I want to display a 480x320 JPEG file stored in the SD card in Android 2.0.1 with WVGA854 skin and 240 lcd density (Motorola Droid).

However, when I create a BitmapDrawable through Drawable.createFromPath(), the resulting BitmapDrawable has the following values:

mBitmapWidth = 320

mBitmapHeight = 213

mTargetDensity = 160

The manifest includes the following configuration:

<uses-sdk android:minSdkVersion="3" android:targetSdkVersion="4" />
<supports-screens 
    android:largeScreens="true"
    android:normalScreens="true"
    android:smallScreens="true"
 anyDensity="true"
/>

Apparently Android is resizing the bitmap. What could be the cause of this behavior? How can I avoid it?

Thank you in advance.

+1  A: 

Drawable.createFromPath() is a convenience method that uses BitmapFactory in its implementation. It seems that since API level 4 Android automatically rescales all bitmap drawables and other resources.

To get the original size of the bitmap one would need to cast the drawable into a bitmap drawable and use BitmapDrawable.geBitmap().getWidth() and BitmapDrawable.geBitmap().getWidth().

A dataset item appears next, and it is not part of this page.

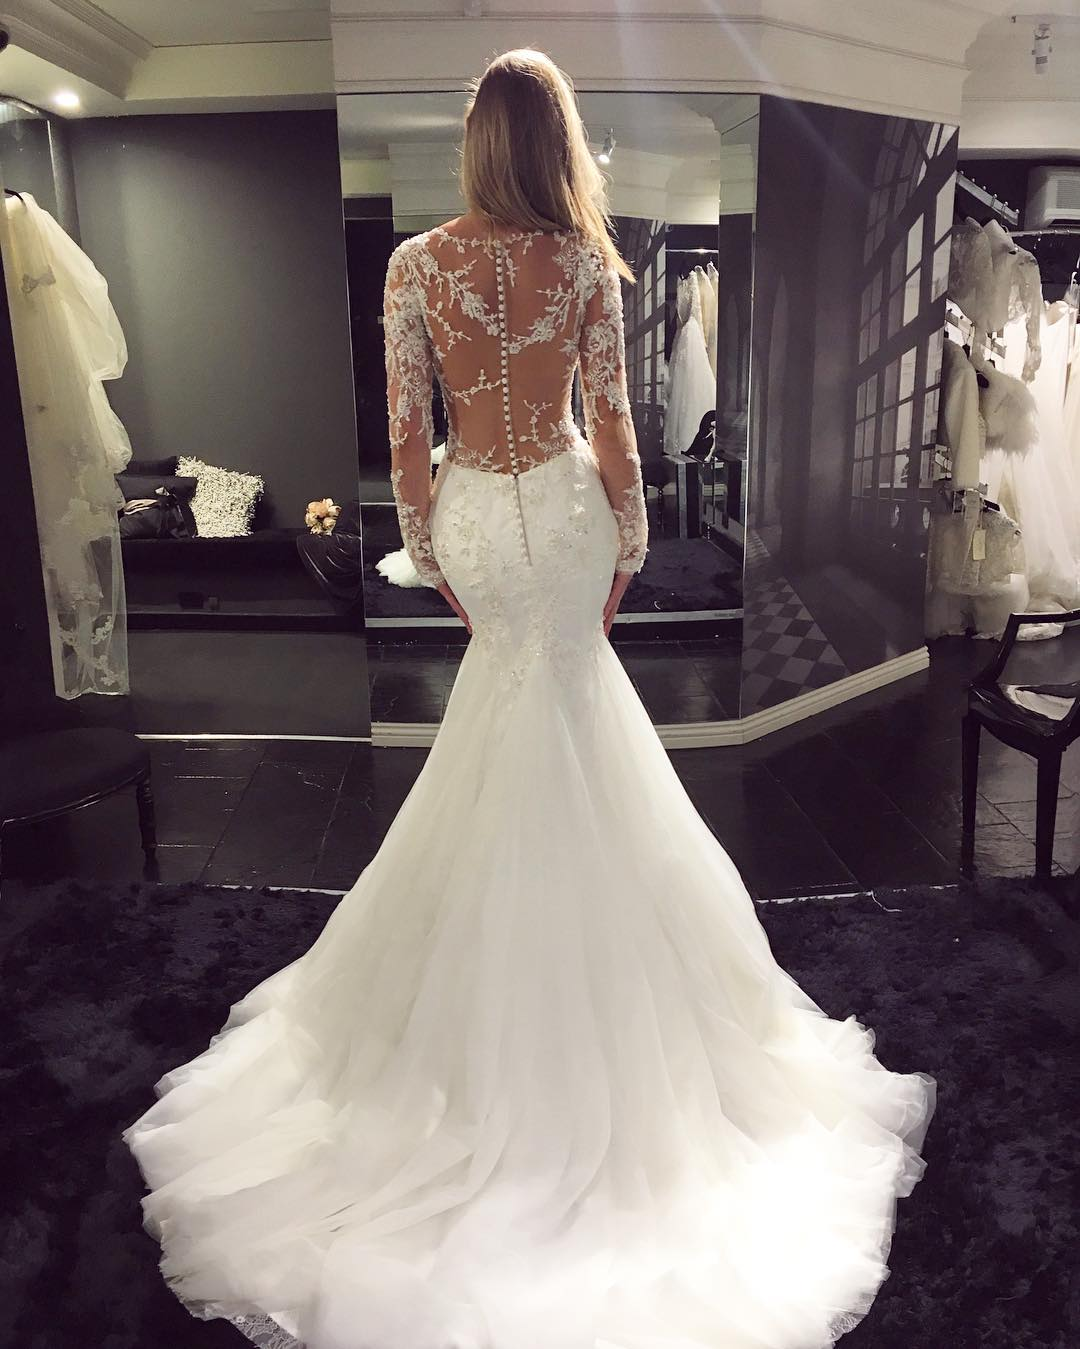 Elegant mermaid wedding dresses long sleeves lace beading sheer elegant mermaid wedding dresses long sleeves lace beading sheer amazing bridal gowns thumbnail 1 junglespirit Images
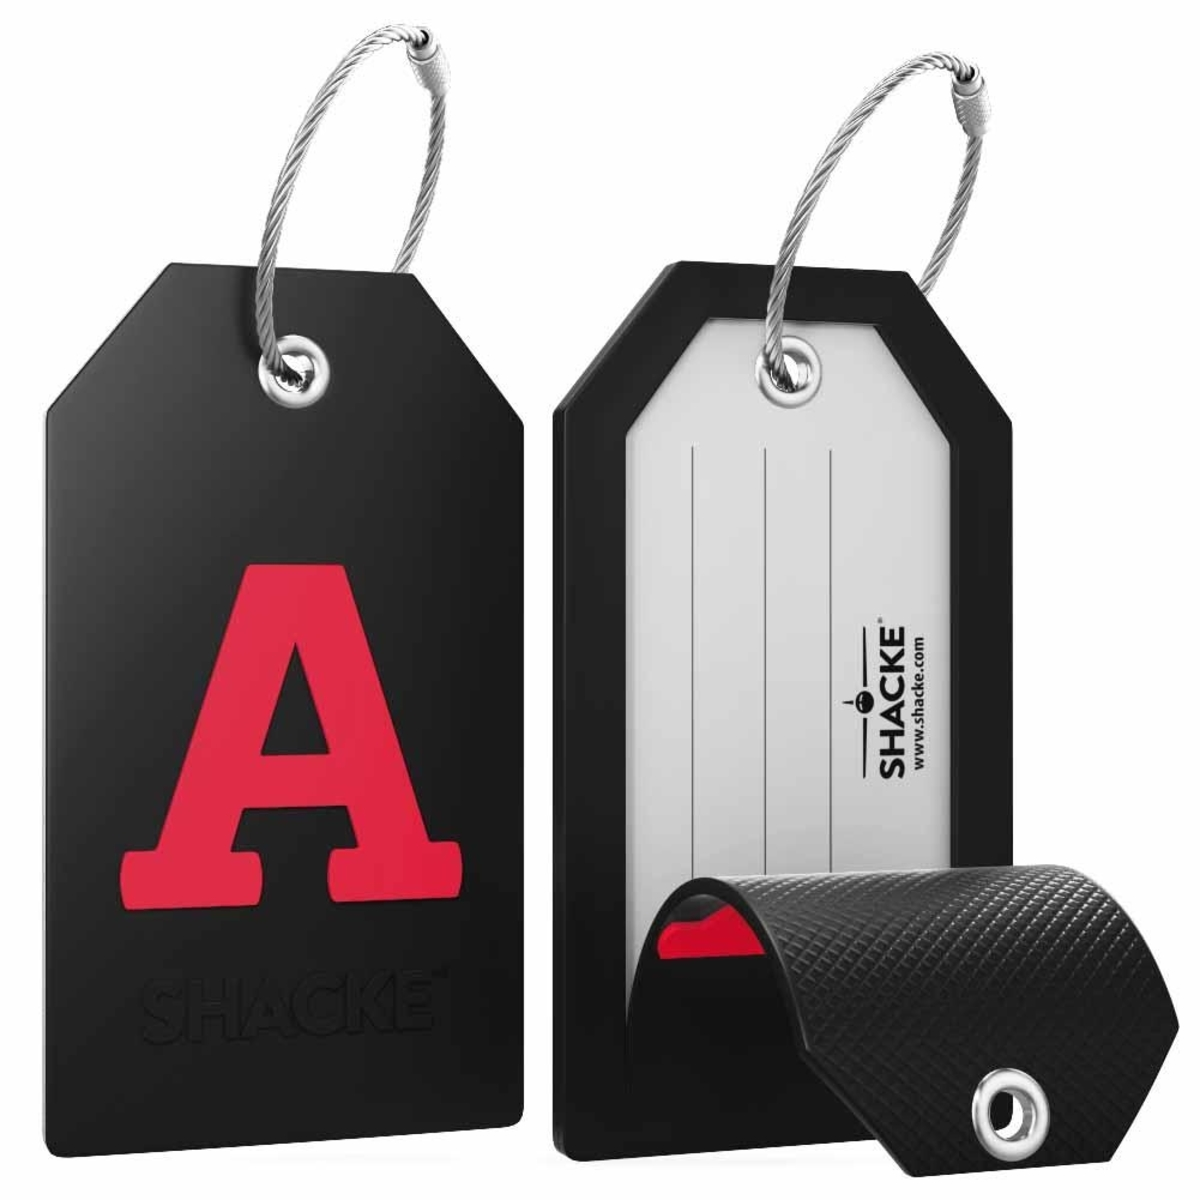 Shacke Initial Luggage Tag

An alternative may be to use BitmapFactory directly and turn the rescaling off with the BitmapFactory.Options.inScaled. This property is available only since API level 4, so if you want to target API level 3 devices, you might want to use reflection to check for its presence.

I still do not understand why such rescaling is needed for SD card images and how this benefits programmers in any way. Yes, a 320x213 area in 160 density becomes (approximately) a 480x320 area in 240 density, but wouldn't it make more sense if Drawable.createFromPath() returned a 480x320 drawable with 240 density to an application running in 240 density?